Mrs. Arthur Rubloff of Chicago got a present from her husband last week: A $1,500 beaver coat. Art Rubloff, ex-shoe-shine boy, now a top Chicago real-estate man, was feeling chipper. Said he: “I’ve done myself a nice fat deal.” The “fat deal” was for a new $4,700,000 Greyhound bus terminal which will streamline the skyline of Chicago’s Loop.
As agent for Greyhound, Rubloff bought the famous old Ashland Block, a 16-story terra cotta skyscraper that sunburned the tonsils of visitors to the World Columbian Exposition in 1893. He also bought seven adjoining properties, making 70,000 square feet in all. Total cost: $1,700,000. Best guess on Rubloff’s commission: $50,000.

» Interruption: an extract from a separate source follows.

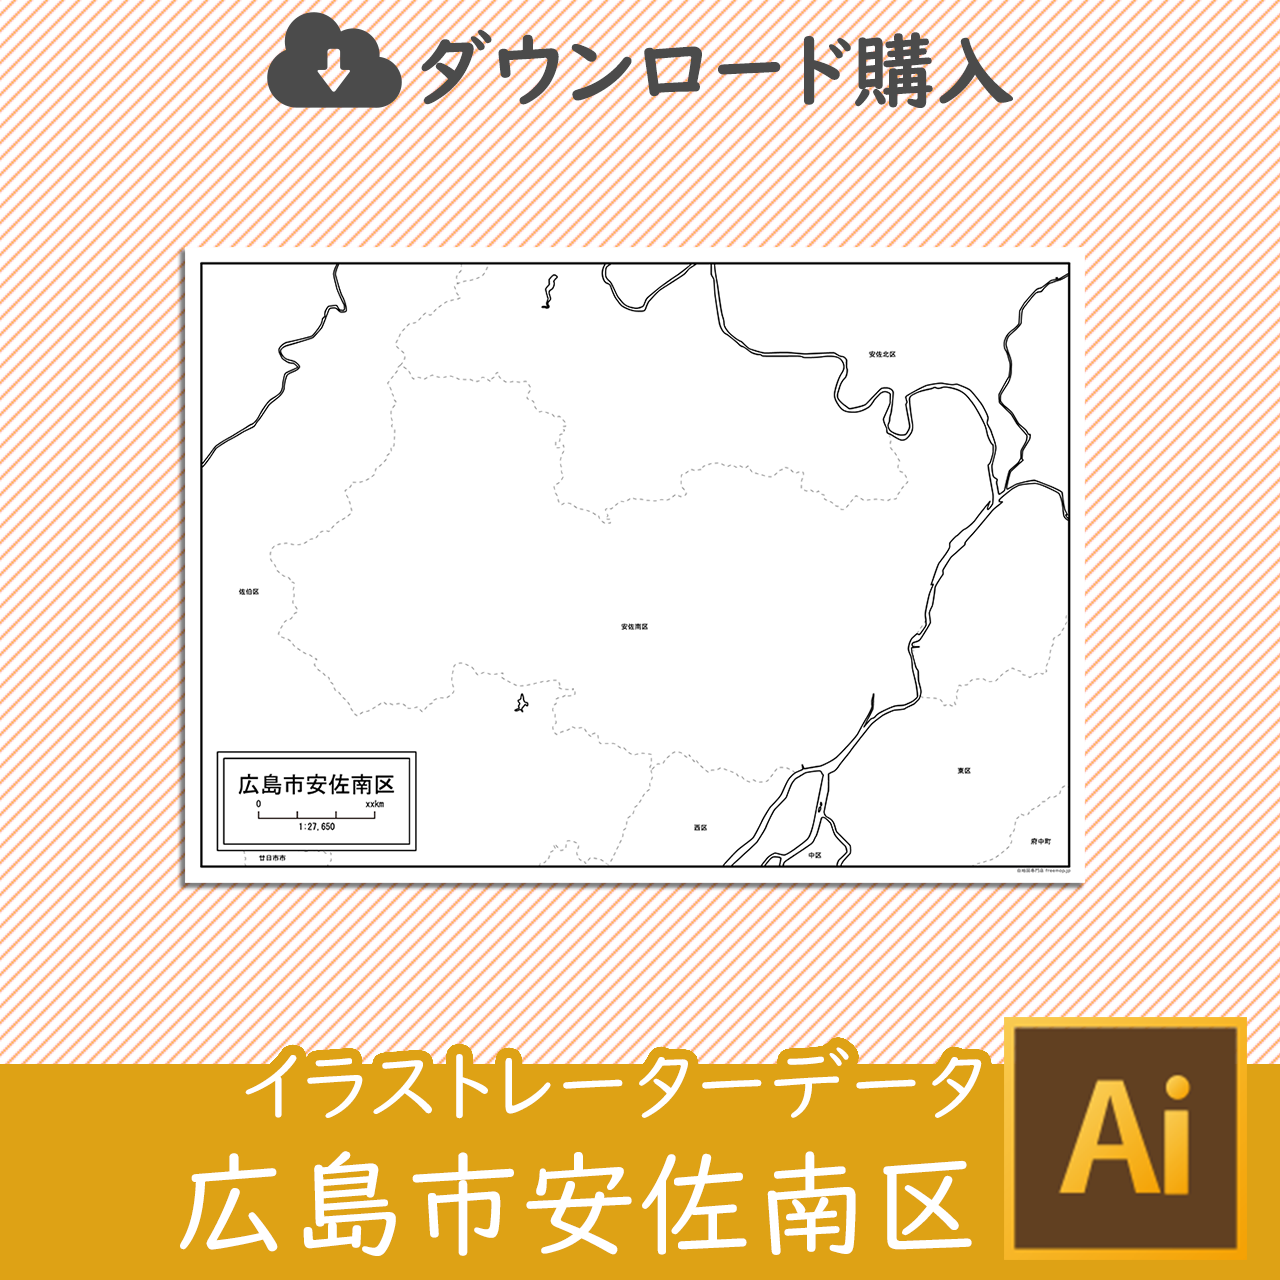 広島市安佐南区のaiデータのサムネイル画像

When & if Greyhound can get steel and other construction materials (probably not very soon), it will tear the old buildings down. In their place will rise a long, low (four stories) $3,000,000 building which will be the world’s largest and swankest bus station. Busses will enter the basement by ramps, unload passengers to escalators running to a first floor complete with waiting rooms, shops, restaurant, newsreel theater, parking garage.
Rubloff has worked on the deal for 30 months, scurrying around for options, renewing them when they expired, getting 2,200 of the Ashland Block’s certificate holders to approve a sale. “All big deals are one long series of headaches,” he said last week. “I used stooges and dummies and anything I could think of. … I scarcely even tell myself what I’m doing until I’m through.” Rubloff, 39, quit grade school to shine shoes and peddle newspapers for a living, got into real estate in 1919 as an office boy. His only departure from the Alger script was in the lush ’20s: “I made plenty of dough but I spent it—while the other boys were losing theirs in the stockmarket.” When he went into business for himself in 1930 he didn’t have a dime. He rented a $45-a-month office, got $1,500 worth of credit from a sign-painting company, talked himself into managing properties that had been hard hit by depression. In the first year, he says, he made $57,000.
Since then he has been agent in Equitable Life Assurance Society’s $1,275,000 purchase of a La Salle Street office building, in several other spectacular deals. Last week’s was tops to date; Rubloff calls it “Chicago’s biggest real-estate deal in three decades.” Tall and trim, Rubloff lives in the fashionable Lake Shore Drive Hotel, spends weekends raising flowers and Gordon setters on a 314-acre Wisconsin estate which he bought two years ago for $300,000. On the estate are 40 acres of woods which Rubloff calls “the national park.”
Rubloff on Rubloff: “I’ve been told that I’ve performed real-estate miracles, but there are no miracles. … I have vision and I know how to work. . . . I’ve got a new deal brewing now, and boy it’ll really wake up the old town.”